Above: Researchers at Duke cut up recordings of German speech, reassembled the pieces, and played them to people lying in a brain-scanning machine to study how the brain processes the sounds of speech. Credit: Tobias Overath, Duke University

The auditory system, like other sensory systems, likely takes shortcuts to cope with the onslaught of information -- by, for example, sampling information in chunks similar in length to that of an average consonant or syllable, says study co-author Tobias Overath, an assistant research professor of psychology and neuroscience at Duke.
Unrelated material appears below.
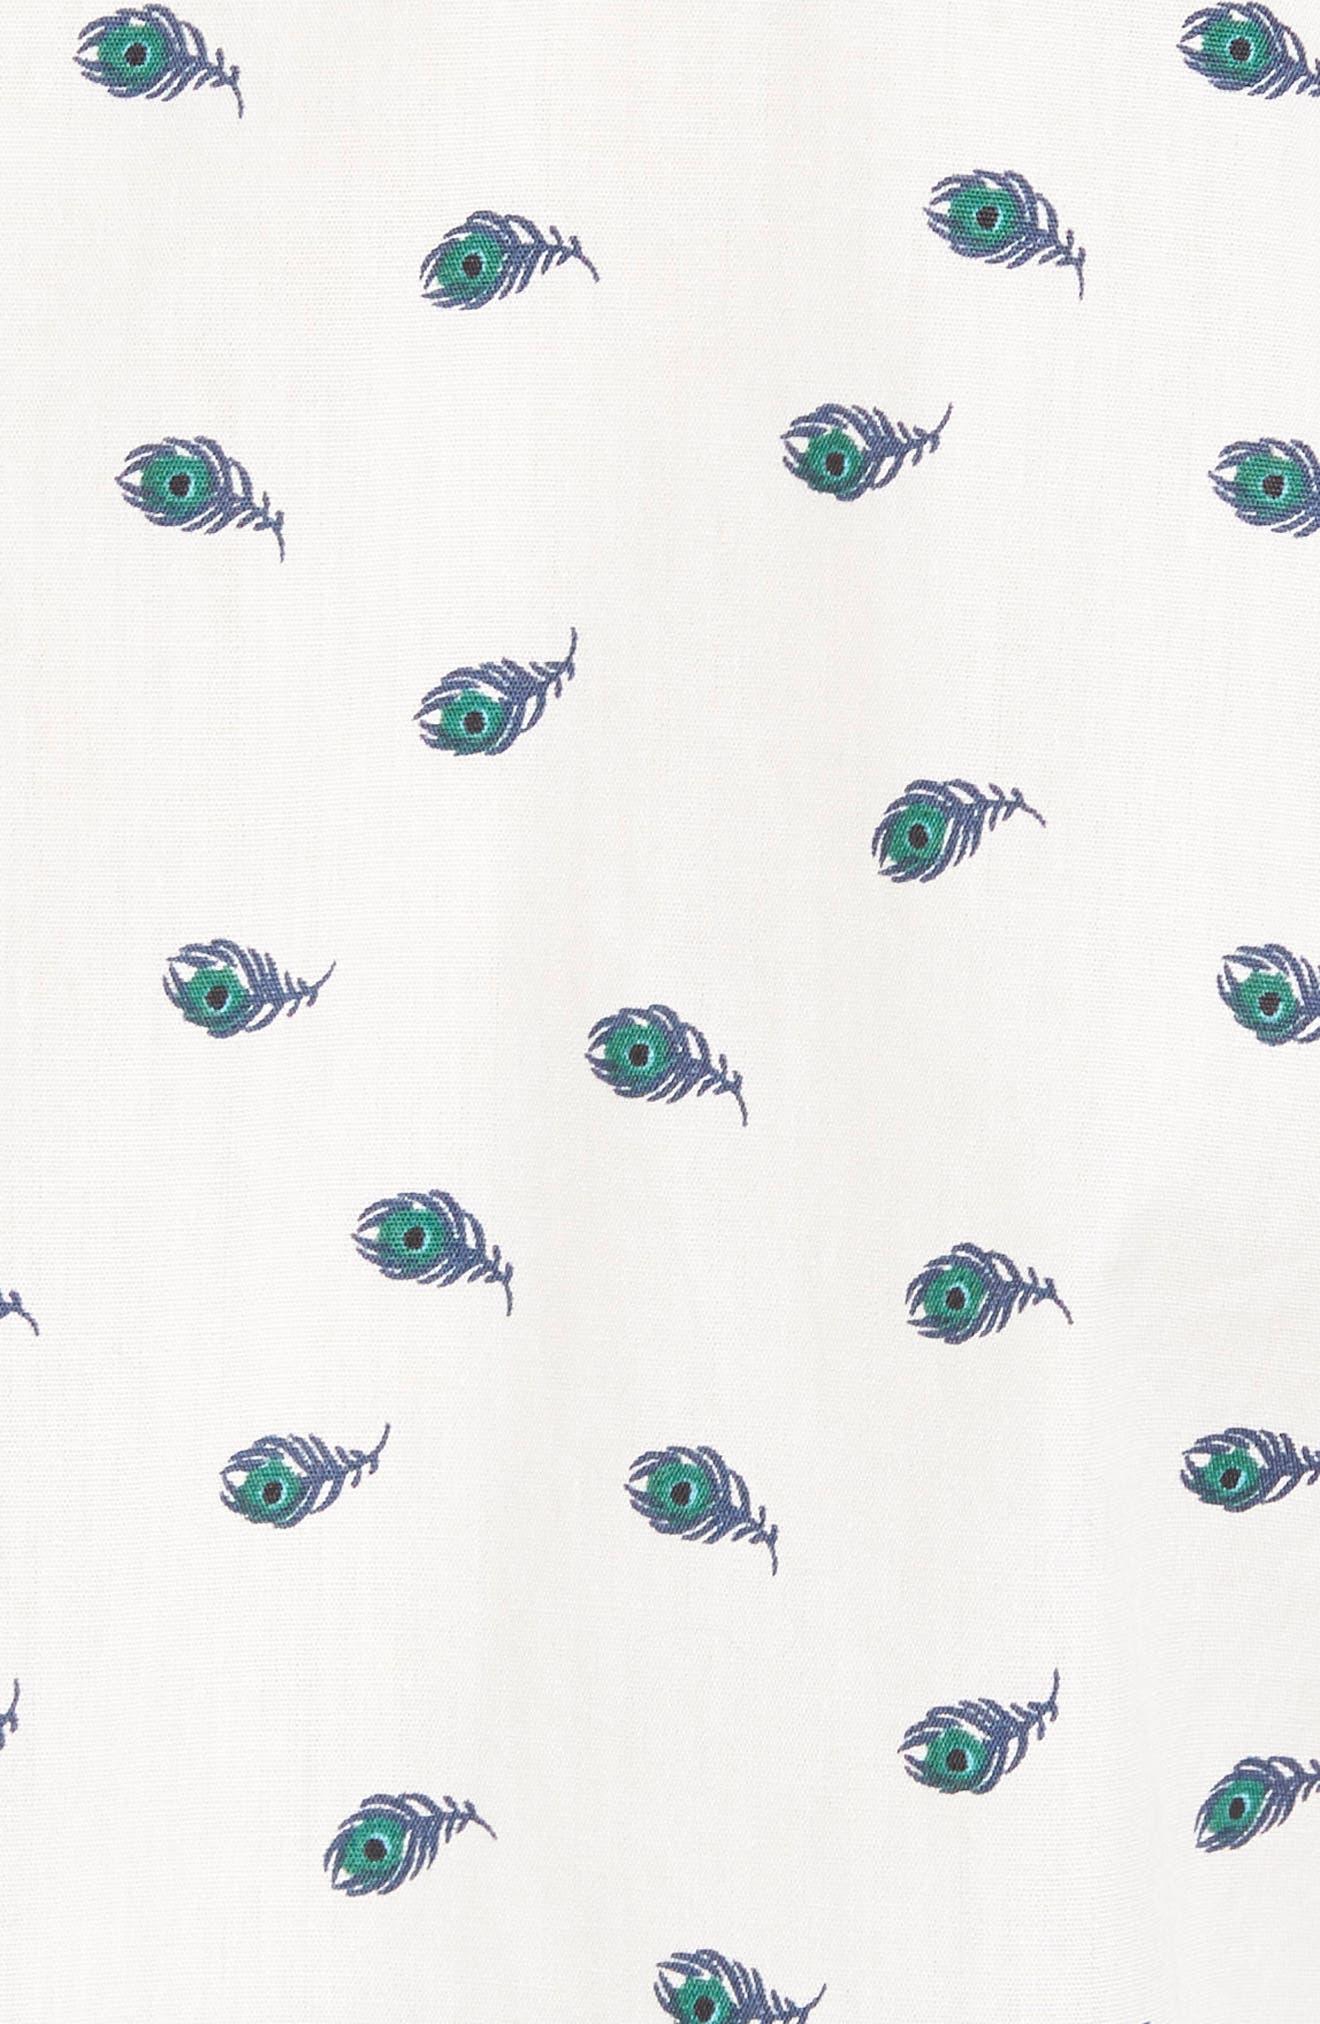 Peacock Feather Woven Shirt,                             Alternate thumbnail 5, color,                             111
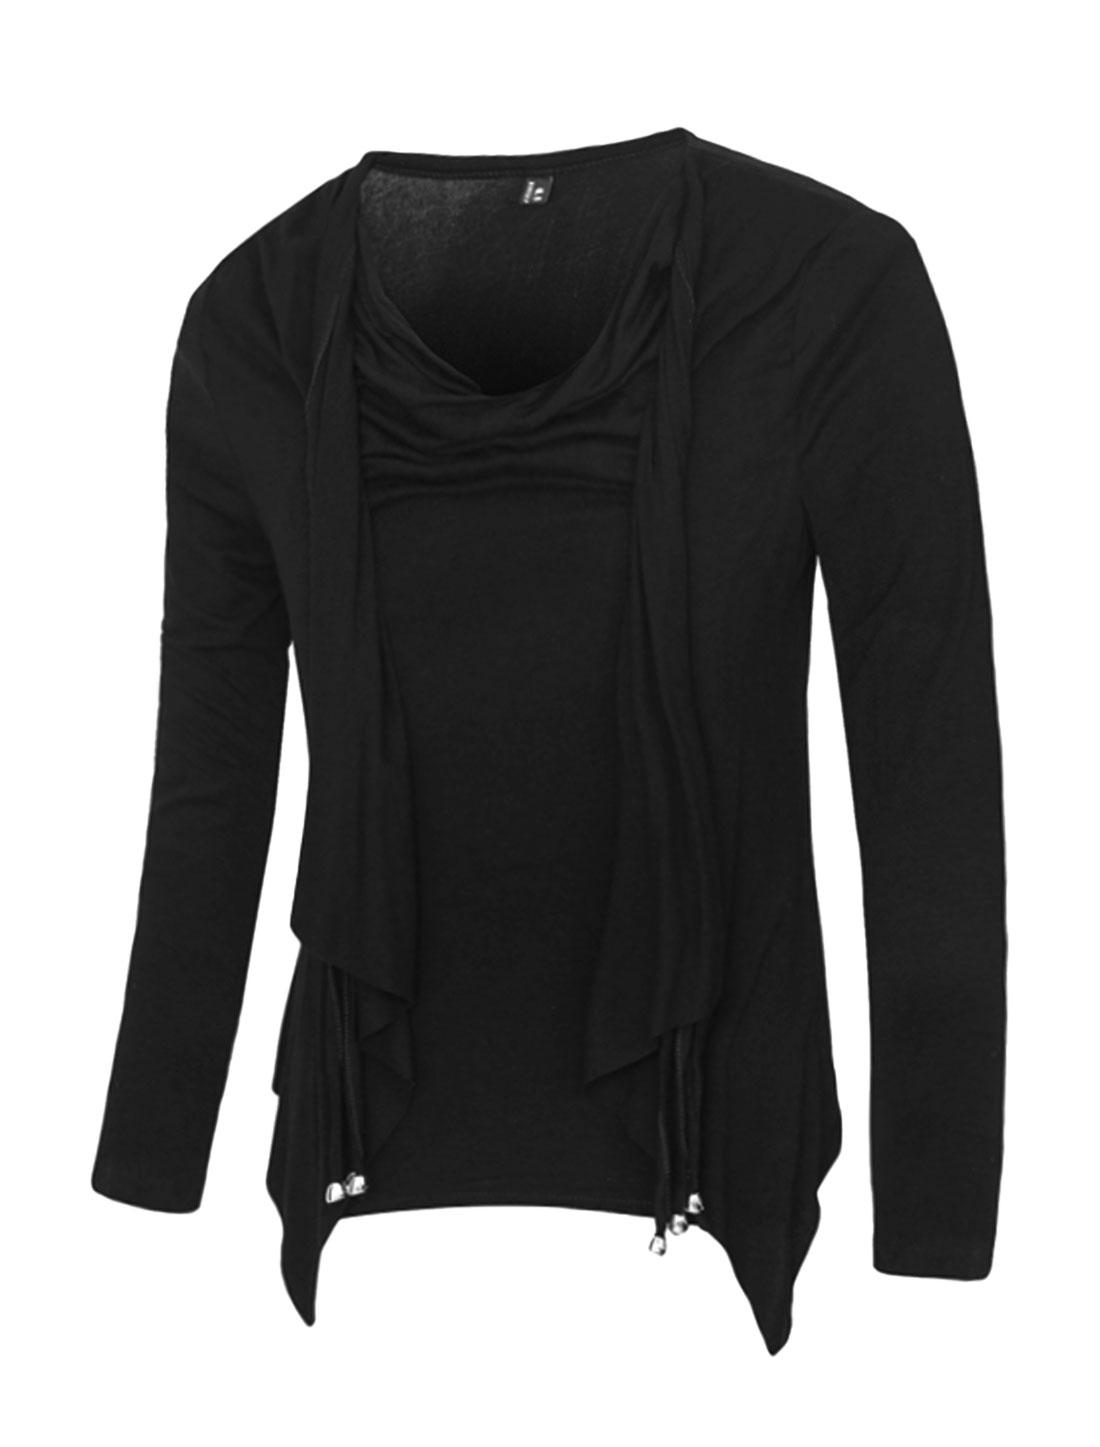 Men Cowl Neck Draped Layered Design Slim Fit T-Shirt Black M

The other corresponding author is Josh McDermott from MIT.

In a study appearing May 18 in the journal Nature Neuroscience, Overath and his collaborators cut recordings of foreign speech into short chunks ranging from 30 to 960 milliseconds in length, and then reassembled the pieces using a novel algorithm to create new sounds that the authors call ‘speech quilts’.

The shorter the pieces of the resulting speech quilts, the greater the disruption was to the original structure of the speech.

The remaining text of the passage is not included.